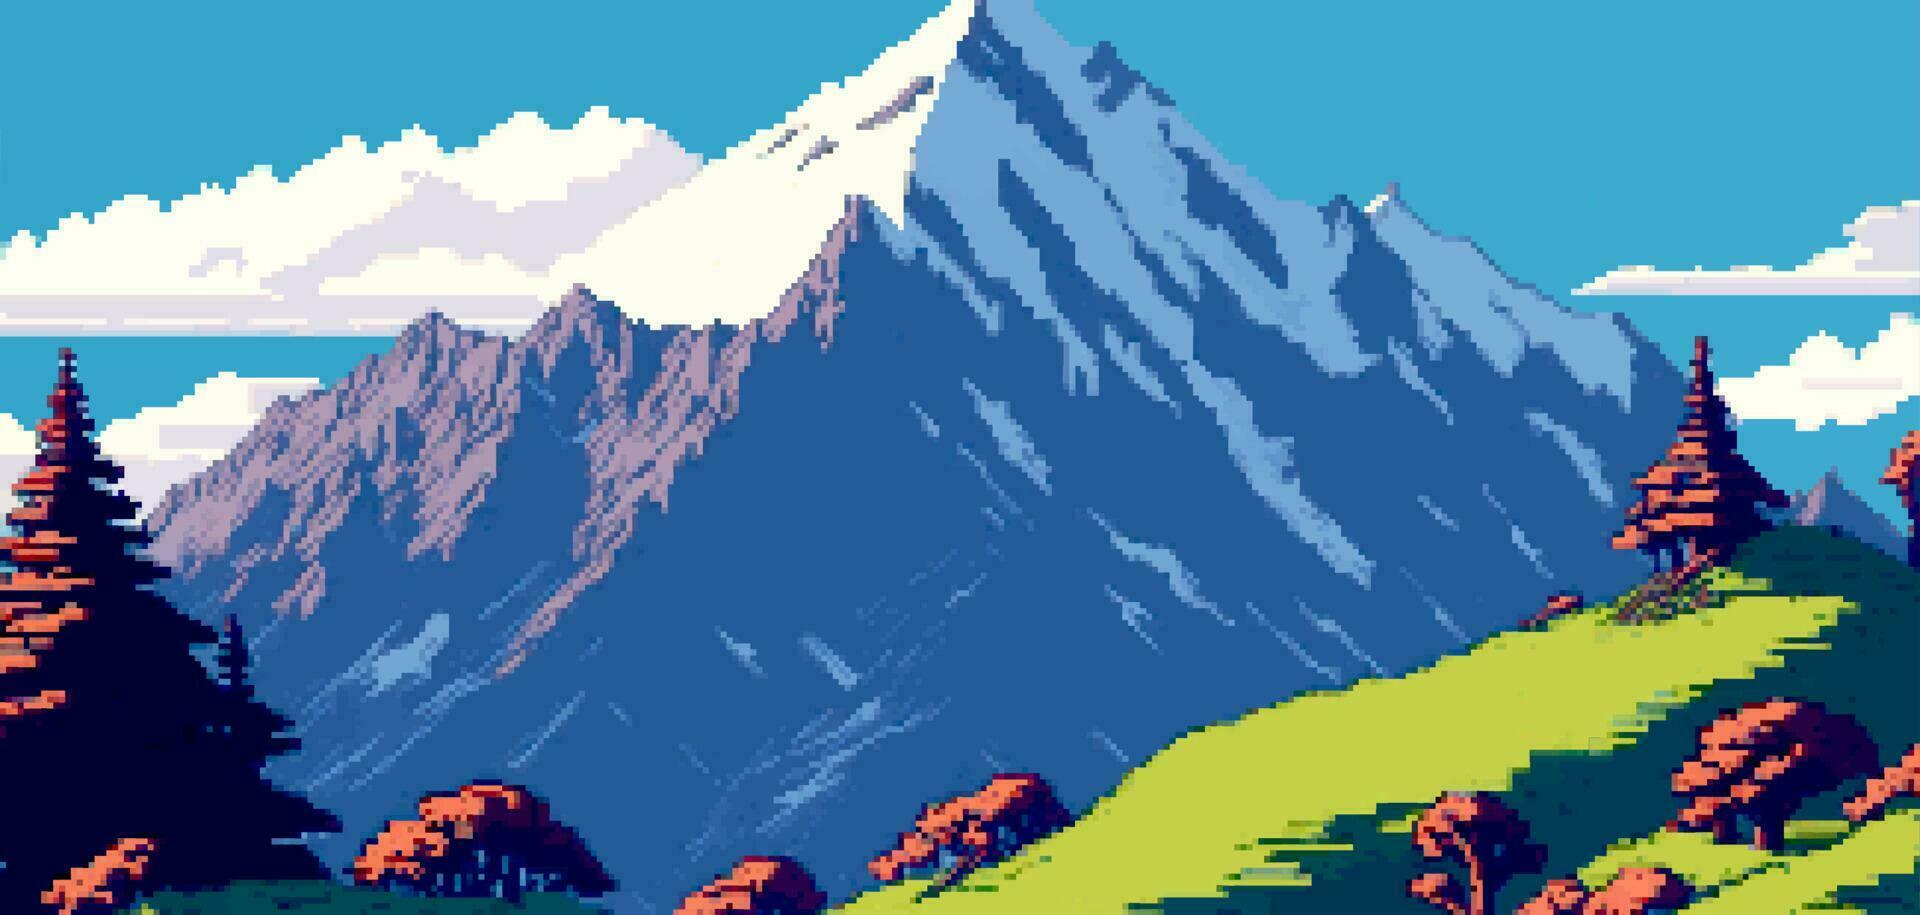 paisaje 8 bits píxel Arte. verano natural paisaje montaña paisaje arcada vídeo juego antecedentes vector
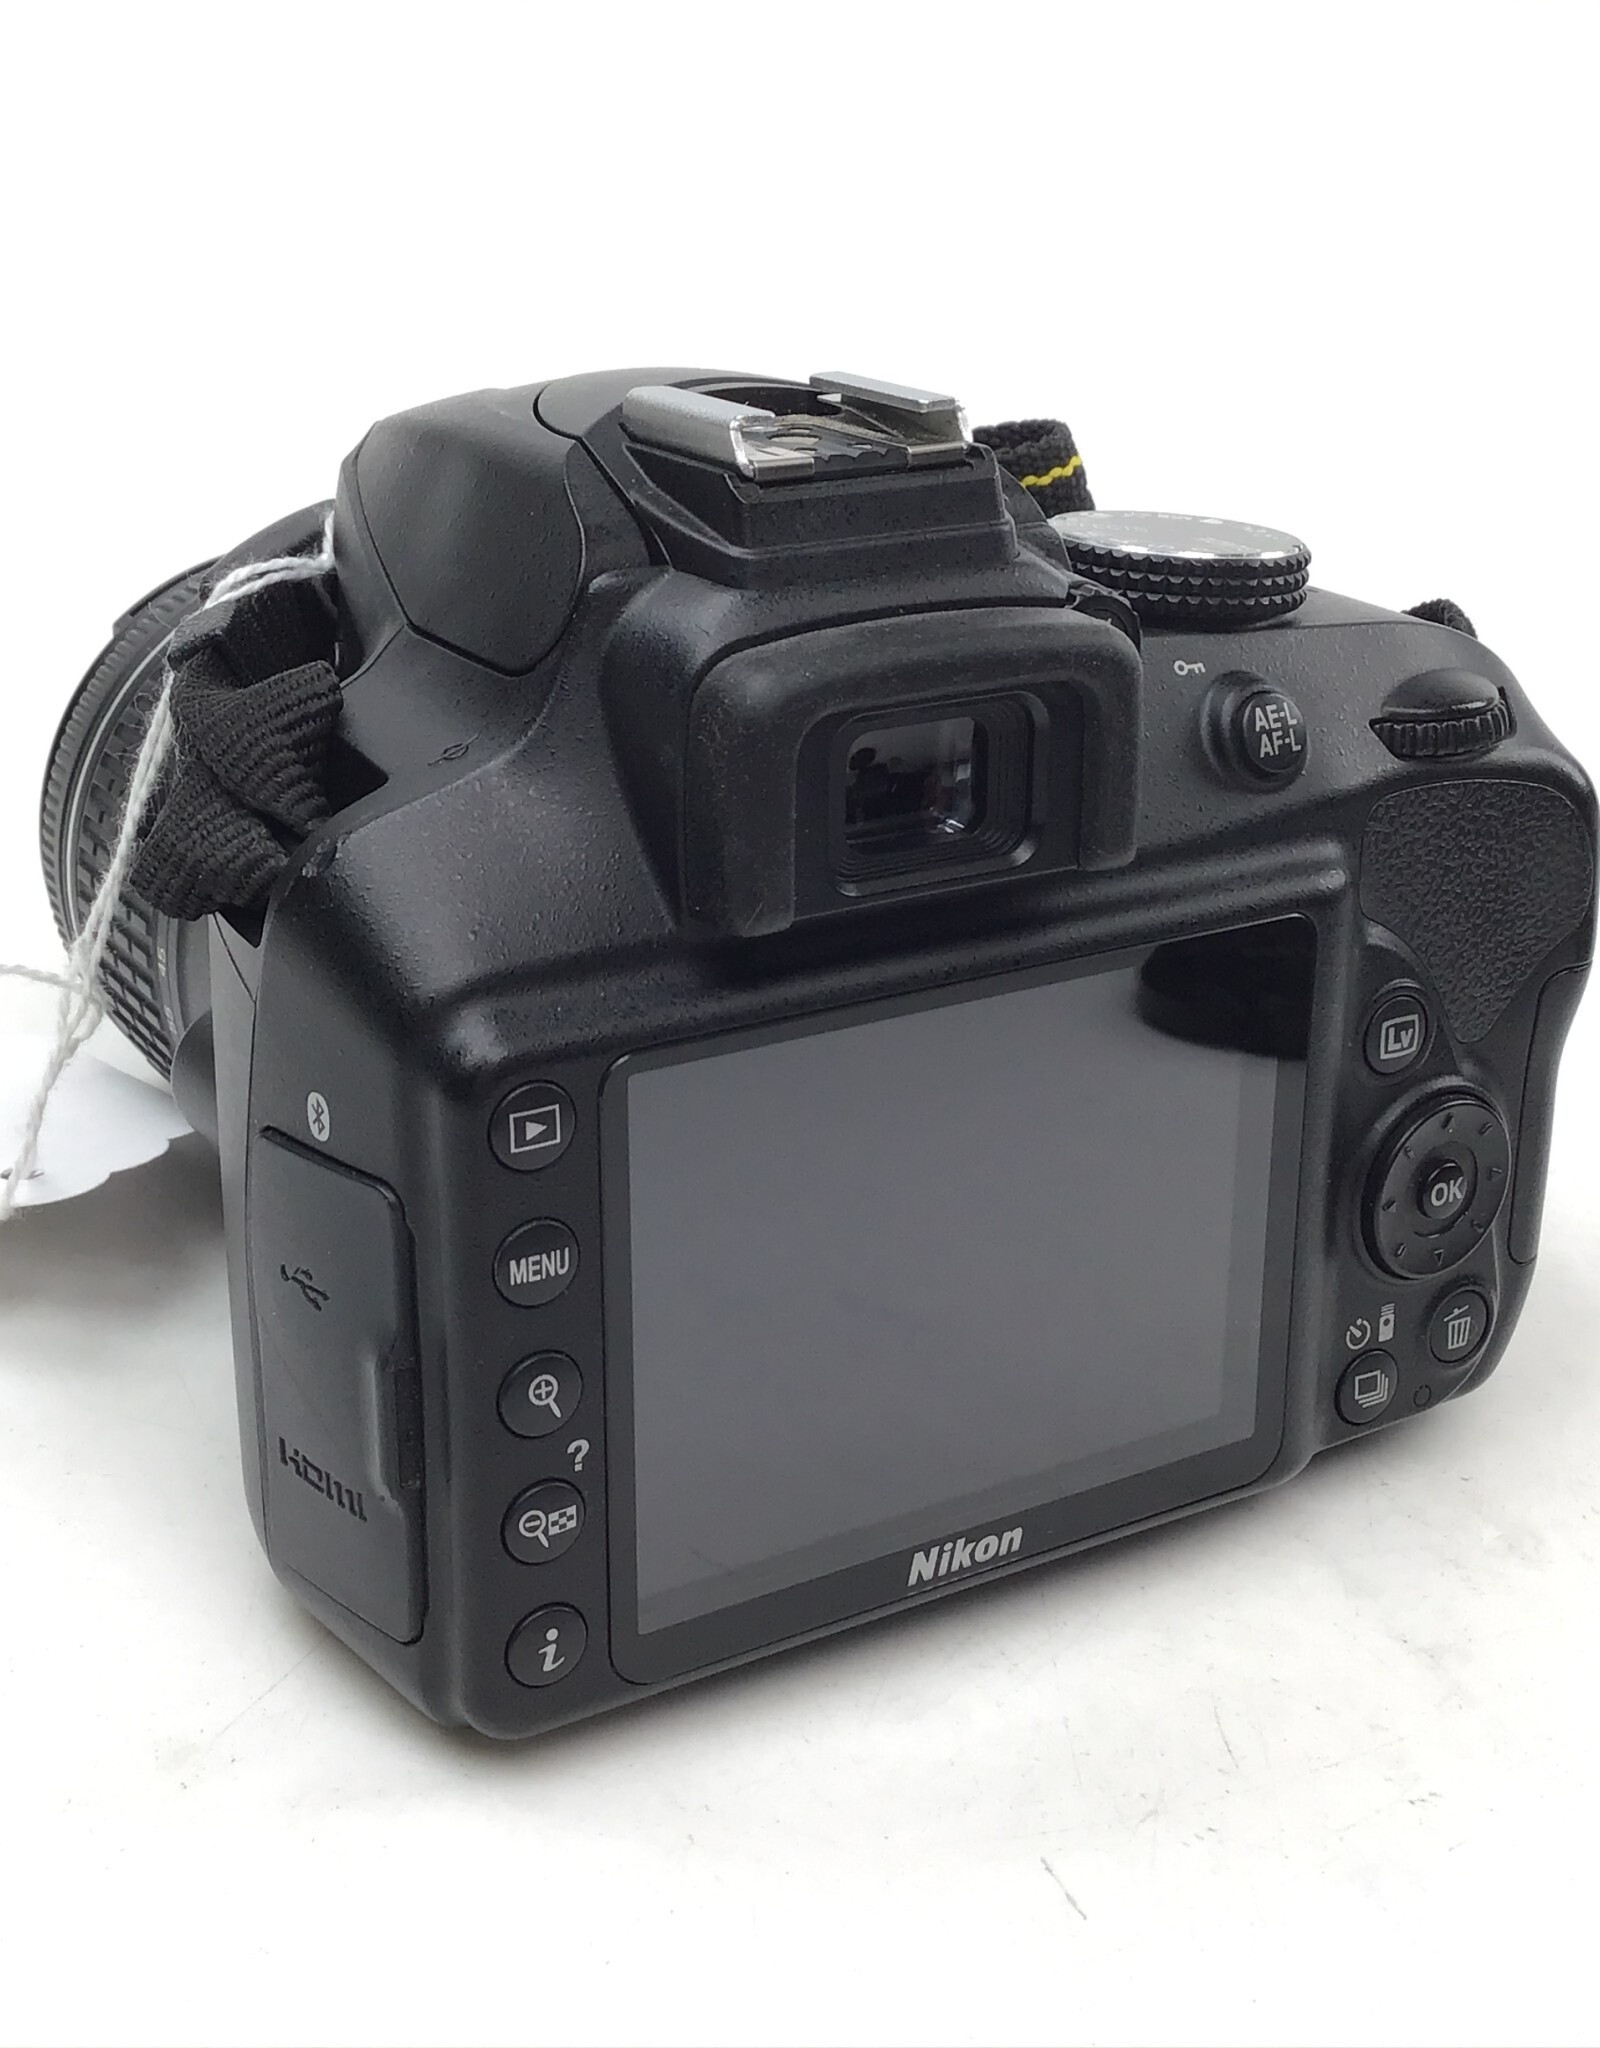 NIKON Nikon D3400 Camera w/ AF-P 18-55mm Used Good
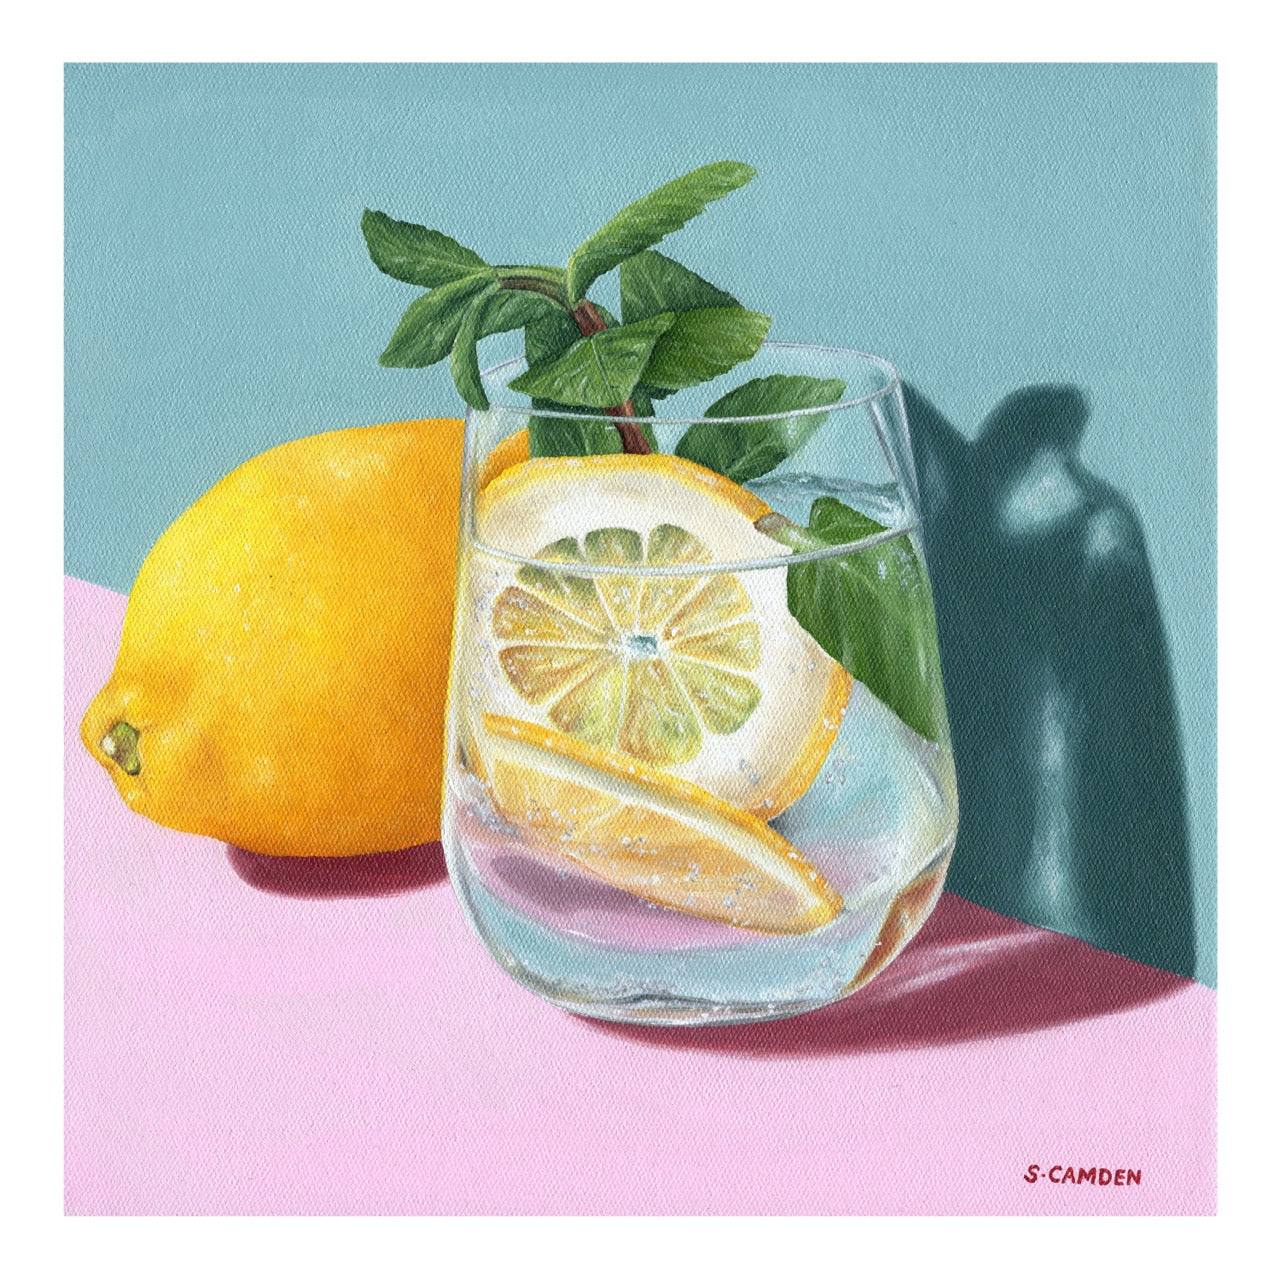 Lemon Cocktail Limited Ed. Fine Art Print

What the exercise asks: Leave the pictures out and transcribe the remaining material exactly.

Reply to the task:
 paisaje 8 bits píxel Arte. verano natural paisaje montaña paisaje arcada vídeo juego antecedentes vector
 NIKON Nikon D3400 Camera w/ AF-P 18-55mm Used Good
 Lemon Cocktail Limited Ed. Fine Art Print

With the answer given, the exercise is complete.